Policy-bound drafting is connected to the Policy editor surface. In this scenario, it should draft replies against project policy, forbidden promises, and approved tone, while keeping policy versioning, blocked promise checks, approval-required send path visible to the reviewer.
What should the reviewer verify before sending?
The reviewer should verify the workspace, project route, customer context, approved knowledge sources, applicable policy, draft tone, and audit trail. For prompt-injection risk, the page should never imply a refund, account action, timeline, legal conclusion, or security claim unless the product policy and reviewer support it.
What happens when approved knowledge is missing?
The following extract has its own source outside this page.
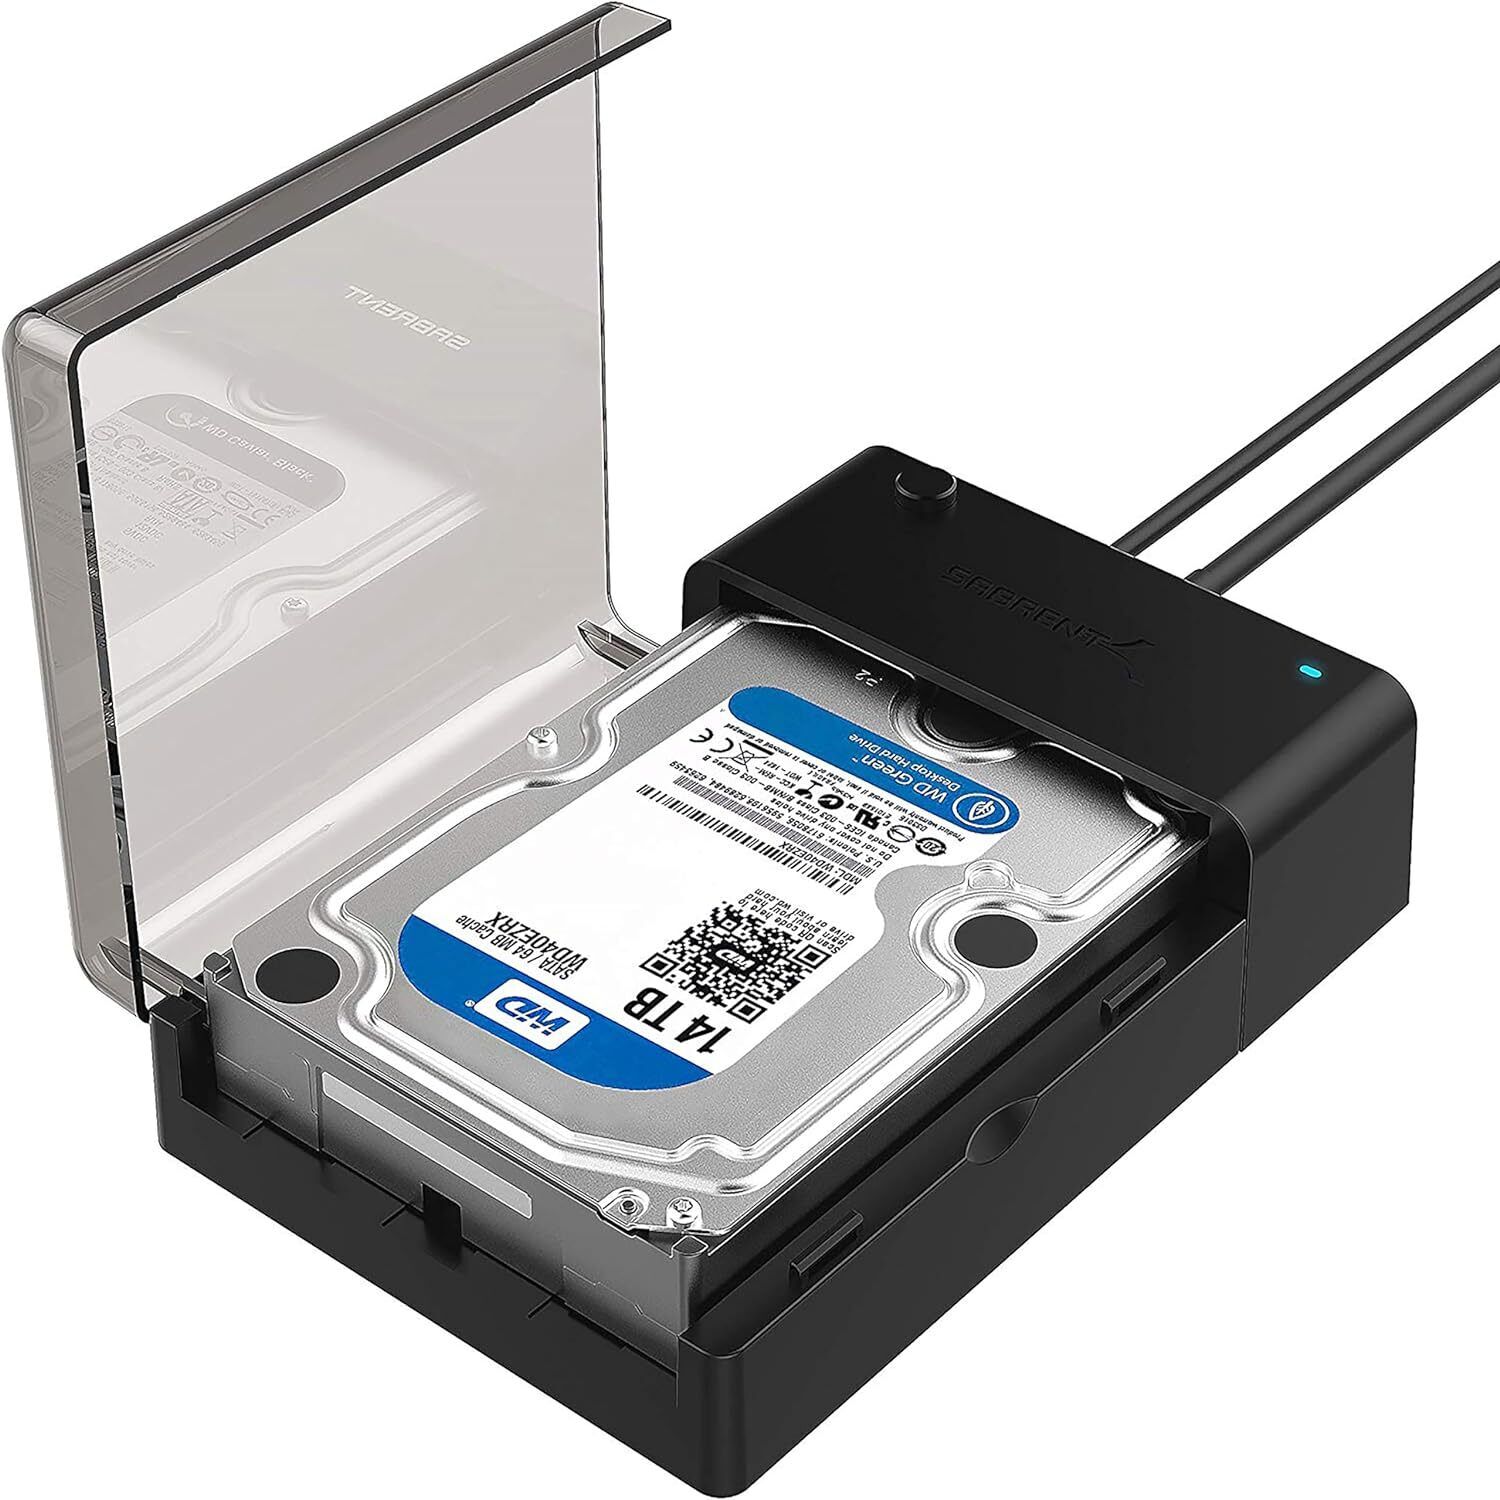 EC-DFLT USB 3.0 to SATA External Hard Drive flat Docking Station (USED)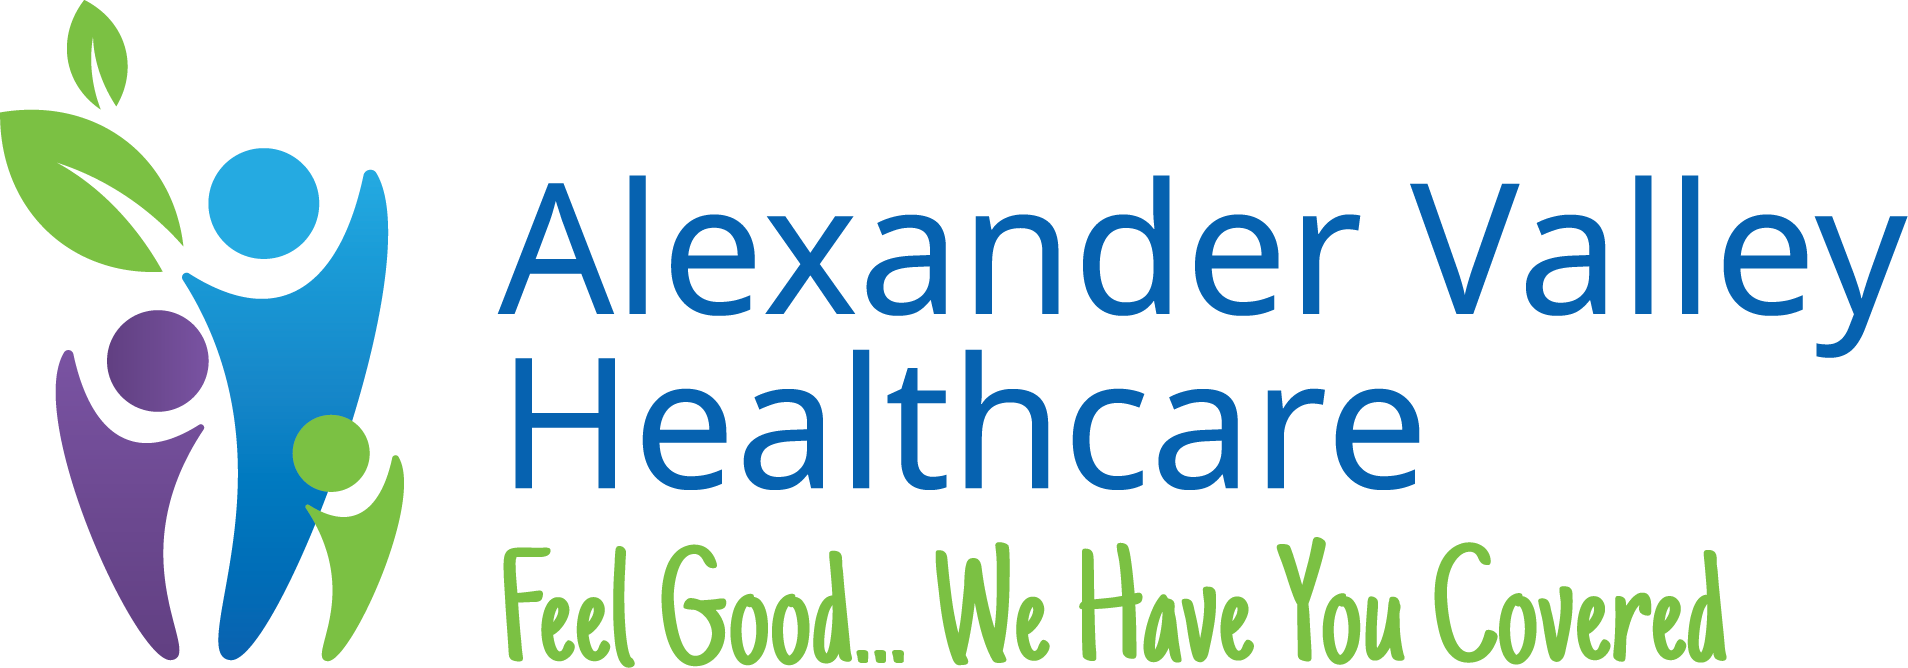 Alexander Valley Healthcare logo.png

The safe answer is review or escalation. Tier-0 should not invent source citations or pretend the workspace has a policy that is not present in approved project knowledge.
Why prompt-injection risk need a governed workflow
AI product builders usually face model trust, prompt-injection risk, explainable drafts. When the request involves prompt-injection risk, Tier-0 treats the message as operational support work instead of a generic chatbot exchange. The goal is to help a reviewer understand the customer need, the project context, the policy boundary, and the next safe action.
- How should support systems handle prompt-injection attempts in emails and documents?
- Risk level: critical. Signals to review: hostile instructions, hidden text, bypass attempts.
- The system must treat external content as data, flag suspicious instructions, and require review.
How Policy-bound drafting fits the Tier-0 support loop
Policy-bound drafting is tied to the Policy editor surface. It is designed to draft replies against project policy, forbidden promises, and approved tone. The workflow does not turn the model into an operator. It gives operators structured context, draft assistance, and evidence so they can move faster without hiding risk.
- Control: policy versioning.
What this page does not claim.
These limits are part of the content, not fine print. They keep the page aligned with the documented product contract.